A Polish art theorist, Dlubak (1921-2005) taught himself painting and drawing in the early 1940s. He produced his first photographs while he was a prisoner at the Mauthausen concentration camp (following his participation in the armed resistance and uprising in Warsaw in 1944). He was to develop this practice after the war, during a stay at a sanatorium where, deprived of painting materials, he tried experimental photography. In 1948, he exhibited in Krakow at the First National Exhibition of Modern Art, organised by Tadeusz Kantor. Caught in the restrictive and regressive view of art of the Communist party in power in Poland, Dlubak stopped his photographic activity. In 1953, he became editor-in-chief of the monthly magazine Fotografia where he worked until 1972, when he was dismissed by censorship for having published photographs that were considered politically incorrect.

From 1959, he gradually goes back to photography, documenting reality (urban landscapes and photos of his studio). Dlubak created with the Lachowicz couple the small yet influential Permafo gallery in Wroclaw where he could experiment with new scenography for his photographic series. The gallery also exhibited artists such as Bernd and Hilla Becher, Joseph Kosuth, François Morellet, Ben Vautier, etc.
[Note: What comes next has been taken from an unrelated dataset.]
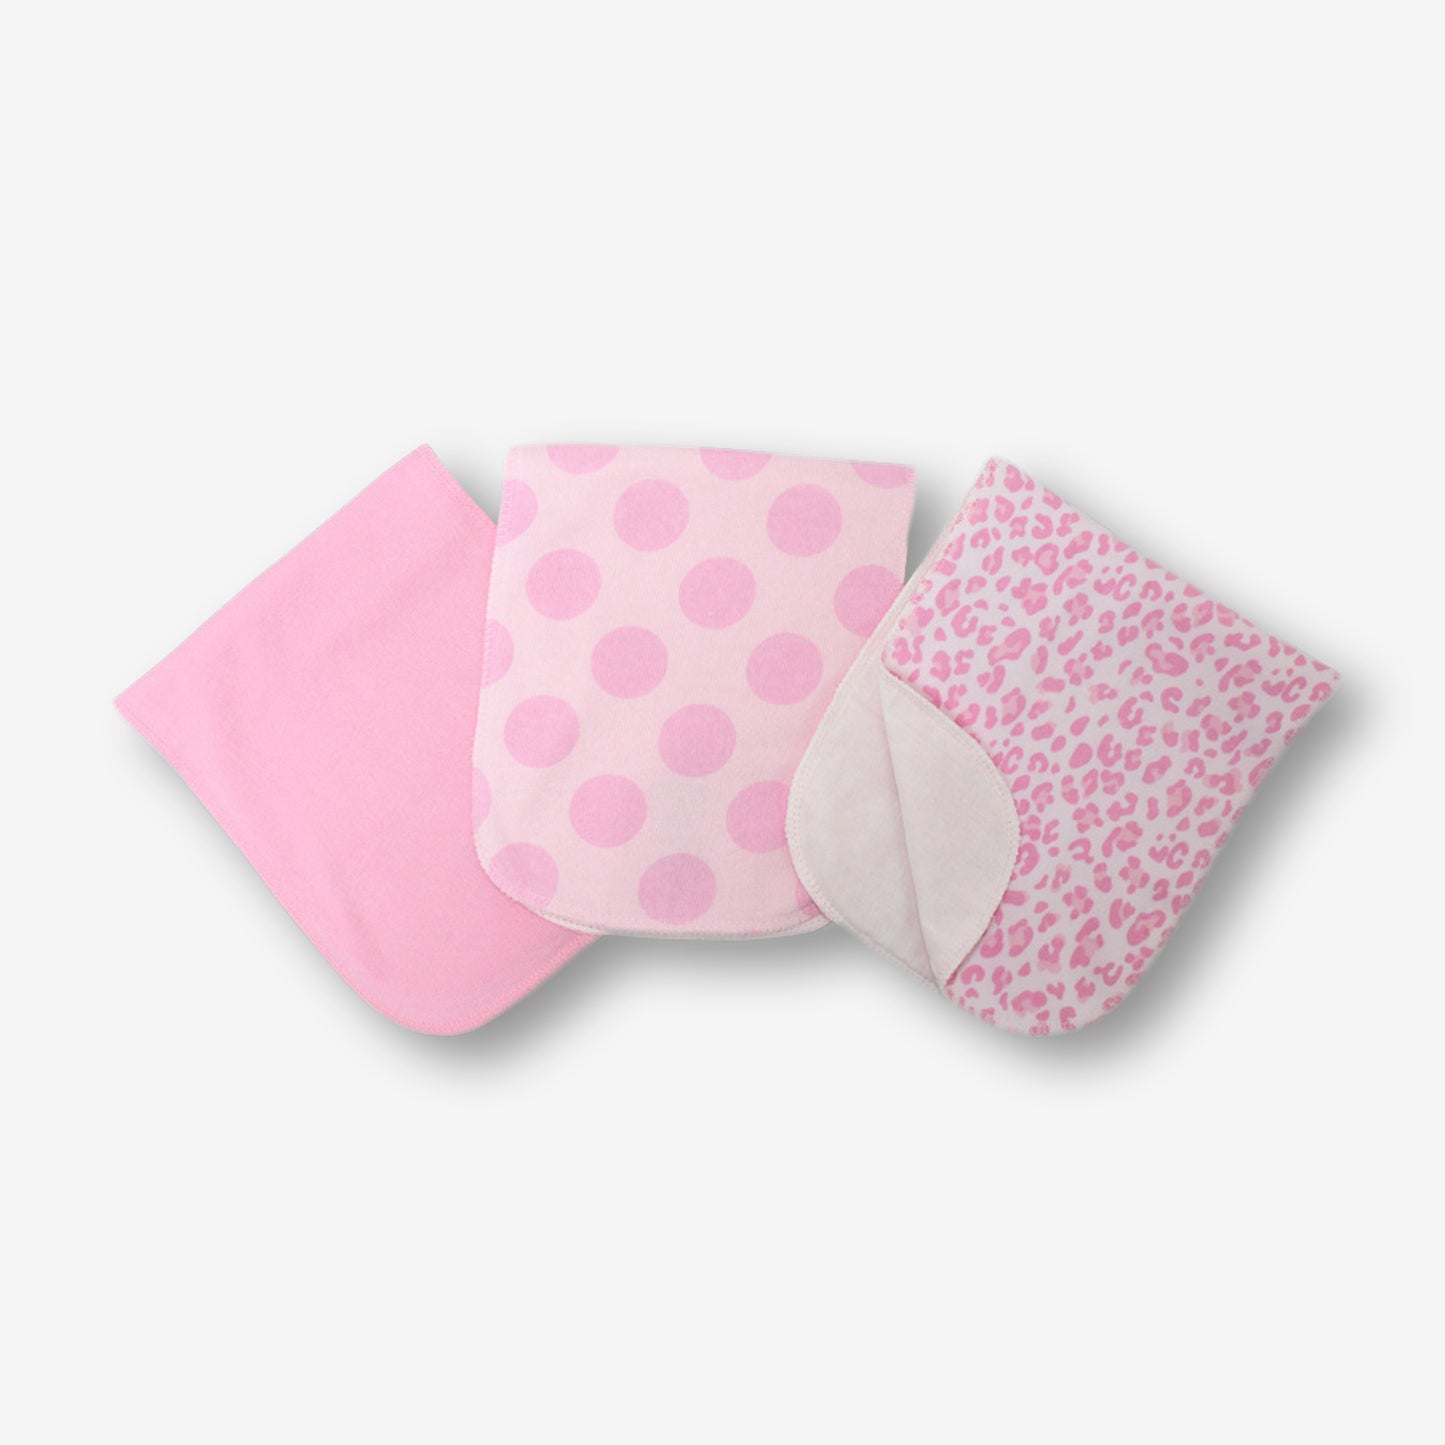 針織汗巾3件裝-粉紅色+波點+豹紋印花

Following the introduction of the martial law in Poland, Dlubak moved to France in Meudon, in 1982, and dedicated himself completely to his artistic creation. From 1989, until his death in 2005, he shared his life between Meudon and Warsaw. 

The opening of his archives after he passed away, and the researches led since 2008 by the Fundacja Archeologia Fotografii in Warsaw, have shed new light on his work.